1216. Do you have to read up on leprechology before disbelieving in them?

Comment #77372 by Dr Benway on October 9, 2007 at 6:38 am

Quine:

A few years ago, I was driving along listening to a radio interview with the, then, US congressional leader Tom DeLay.
Tom DeLay sent me several invitations to be on a congressional healthcare advisory panel. The invitation came with a facsimile of an elegant certificate with the words "United States Congress" at the top, suitable for framing. I would be chairman of the panel.

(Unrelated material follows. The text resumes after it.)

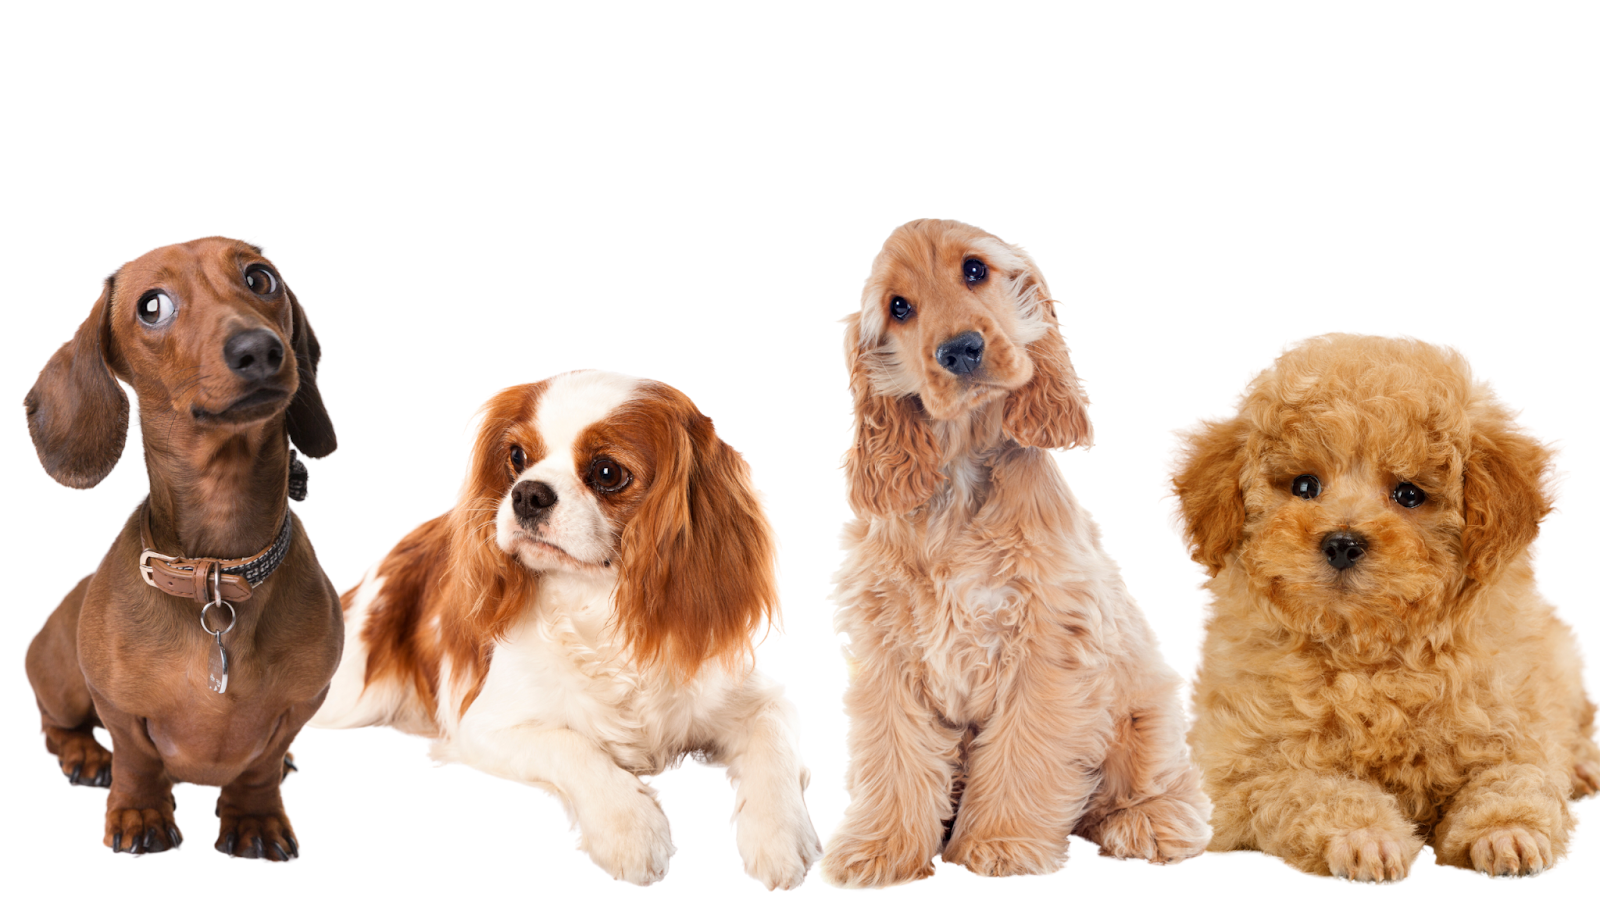 Certain breeds, such as miniature poodles, cocker spaniels and others are more prone to heart problems.

Of course I thought, what is this shite? I called a number in the letter. If I were to donate $1000 dollars to the Republican party, I was on the panel. Hahaha.

Two years later DeLay was out due to shady fund raising tactics.

While gazing at your doctor's ego wall, if ever you come across a certificate like the one I describe, awarded around 2000-2001, your doctor is an idiot.

1217. Response to My Fellow 'Atheists'

Comment #77238 by Dr Benway on October 8, 2007 at 8:20 pm

My problem with the word "atheist" is the popular view that an atheist is certain there is no God. The agnostics get all the uncertainty. Entirely unfair, but there you have it.

I see an advantage in calling ourselves, "atheists and agnostics." Two words are not as neat as one. But on the plus, we snag some of that sweet, sweet uncertainty. Four out of five metaphysicians surveyed recommend it.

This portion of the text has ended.